**What you have to do**:
Copy out exactly the stretch below, from the line with "Louis Vuitton - Authenticated" through the line with "cjy-Buchstaben-Logo-Design in sechs", both included; the pictures stay out.

**Available data**:

Content starts

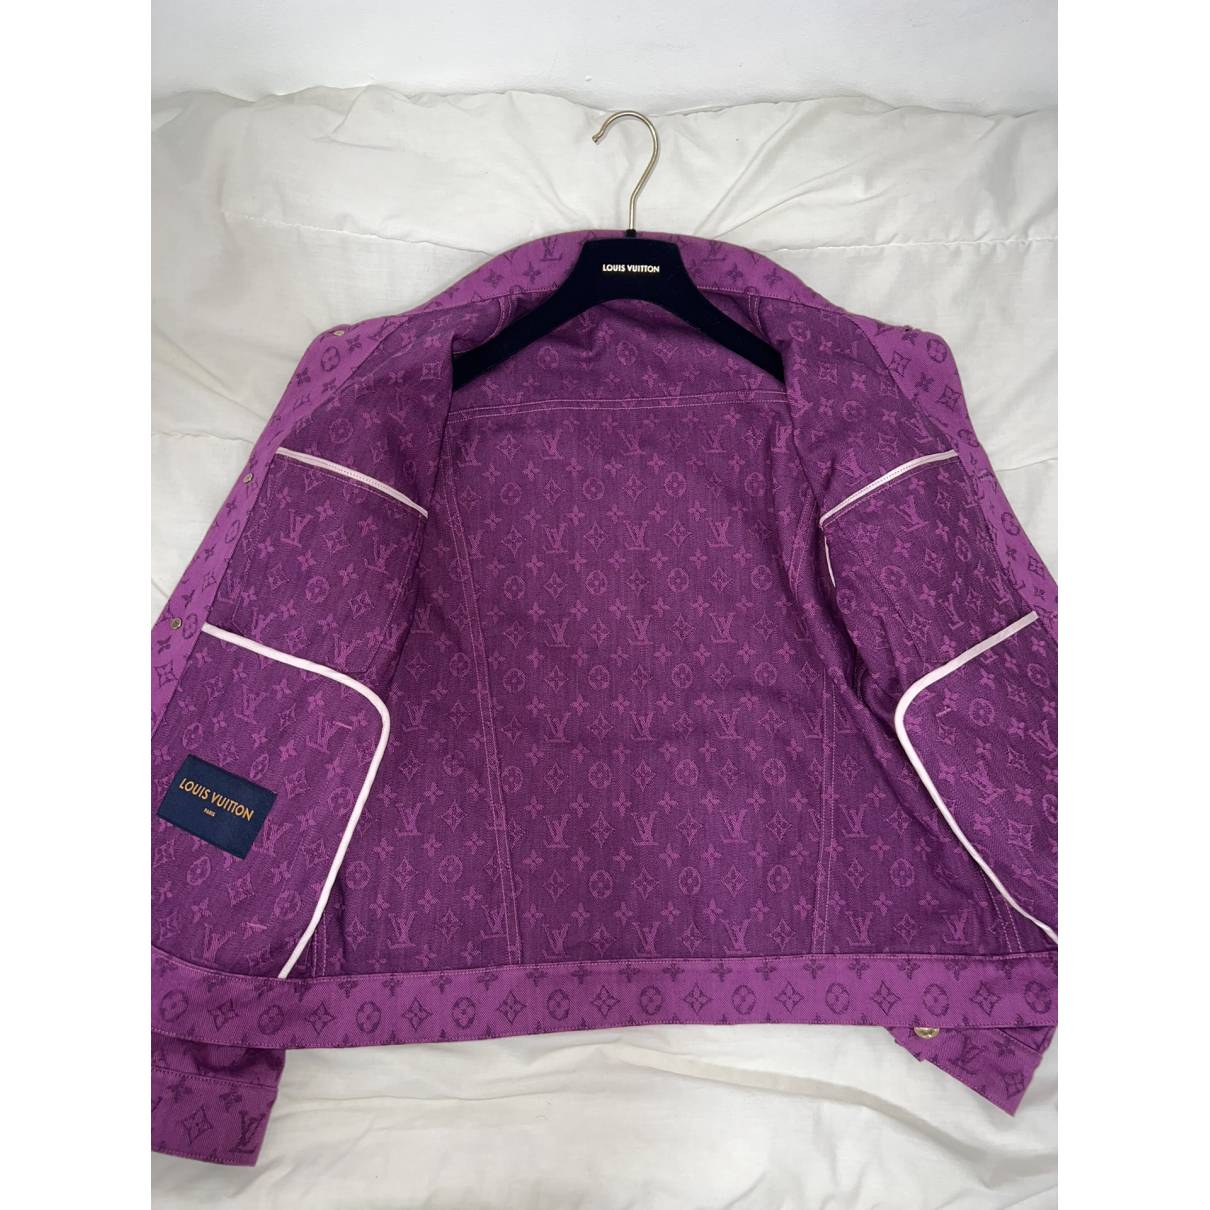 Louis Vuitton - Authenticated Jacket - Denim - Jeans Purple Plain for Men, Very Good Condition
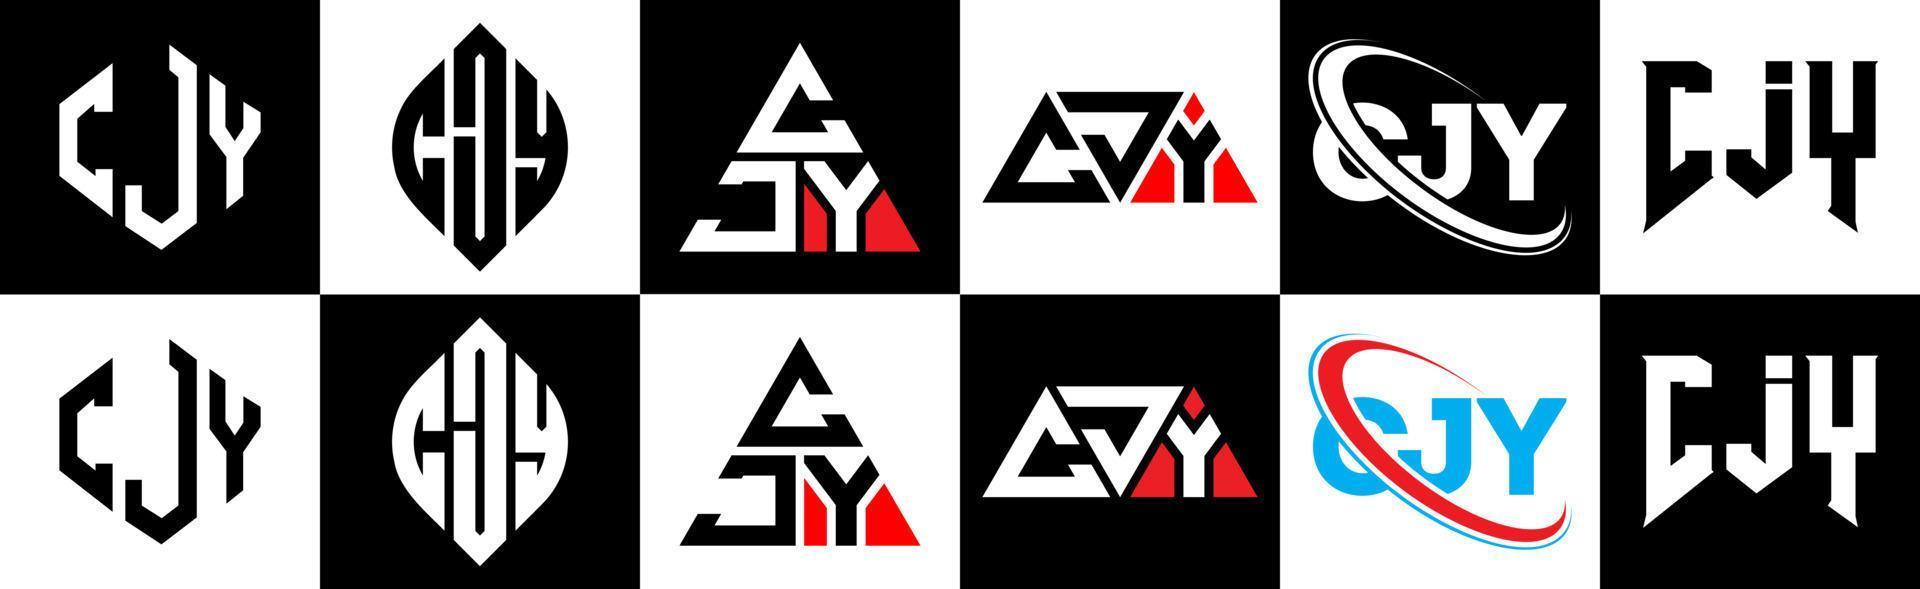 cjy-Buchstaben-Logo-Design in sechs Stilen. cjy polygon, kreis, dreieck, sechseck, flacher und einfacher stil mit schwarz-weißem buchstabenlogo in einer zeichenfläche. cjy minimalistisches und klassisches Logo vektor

Content ends
Content starts

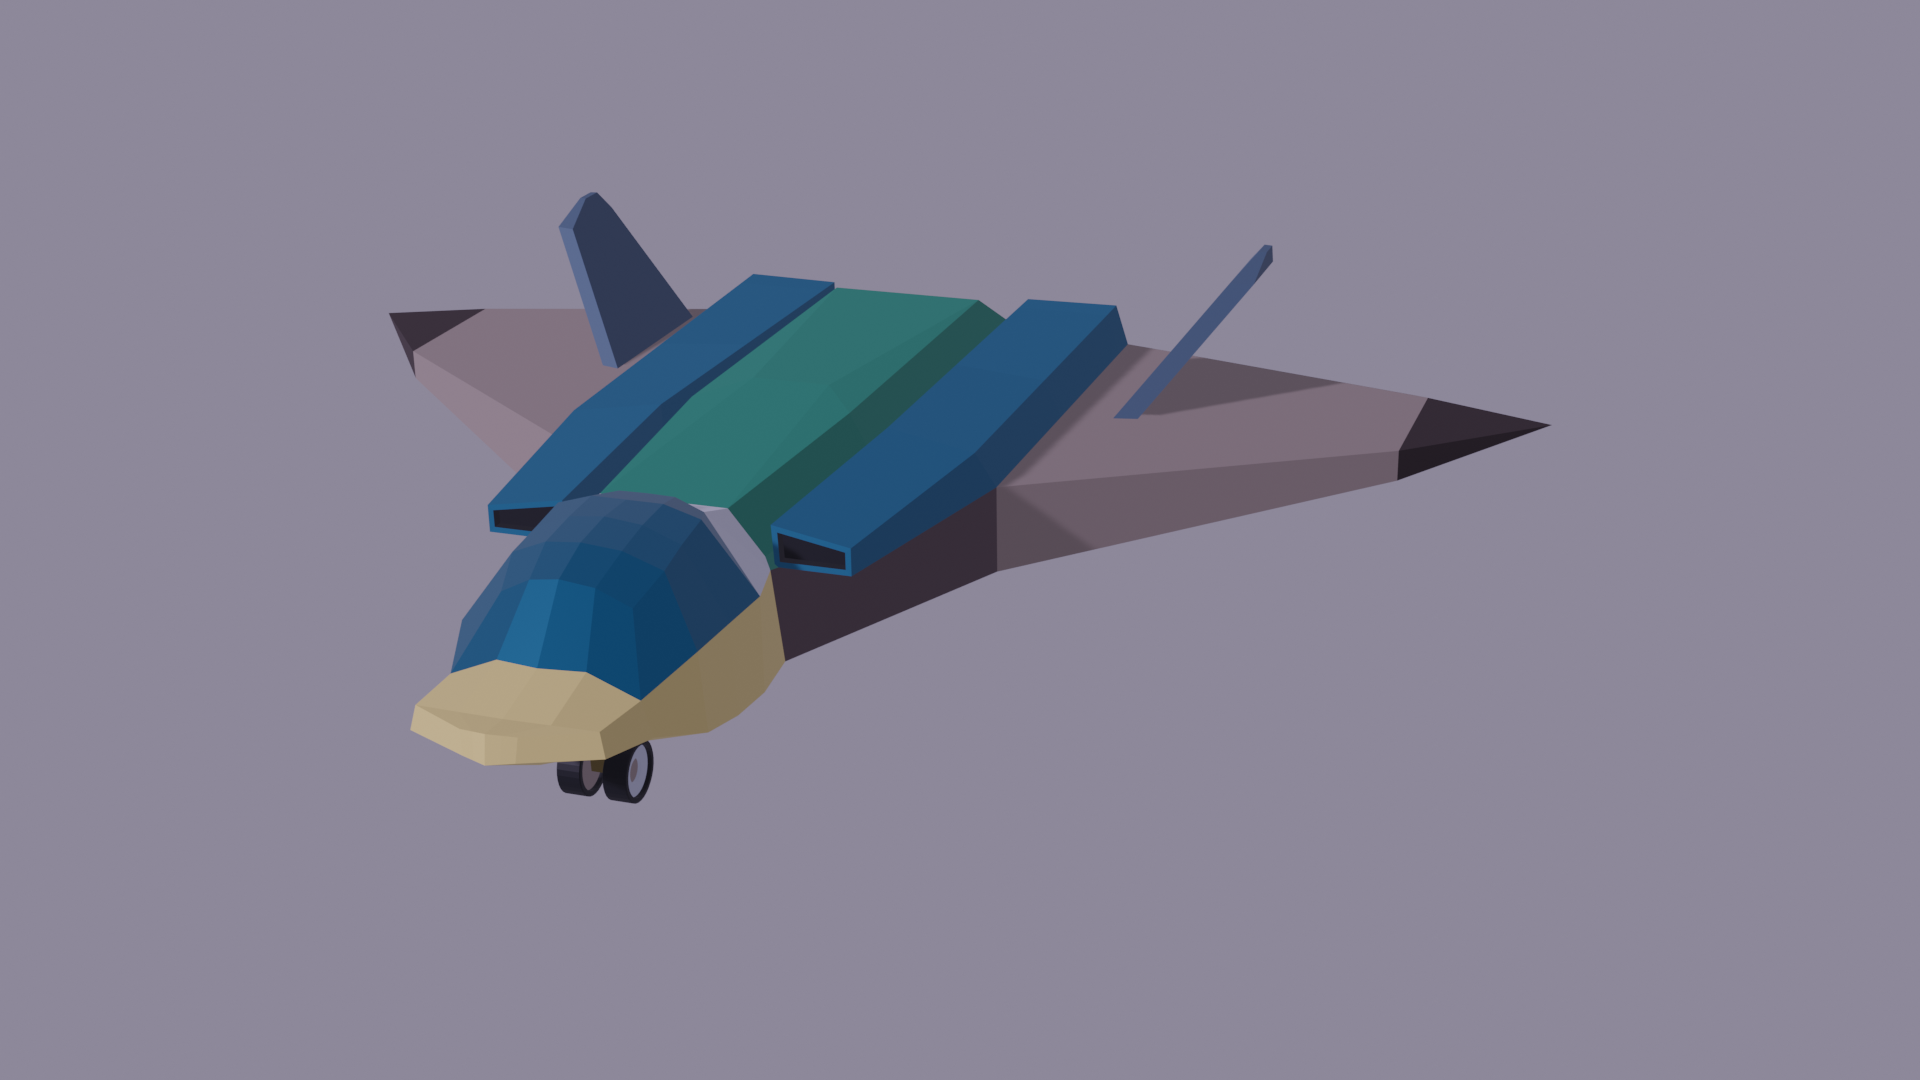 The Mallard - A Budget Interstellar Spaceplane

Content ends

**Expected output**:
 Louis Vuitton - Authenticated Jacket - Denim - Jeans Purple Plain for Men, Very Good Condition
 cjy-Buchstaben-Logo-Design in sechs Stilen. cjy polygon, kreis, dreieck, sechseck, flacher und einfacher stil mit schwarz-weißem buchstabenlogo in einer zeichenfläche. cjy minimalistisches und klassisches Logo vektor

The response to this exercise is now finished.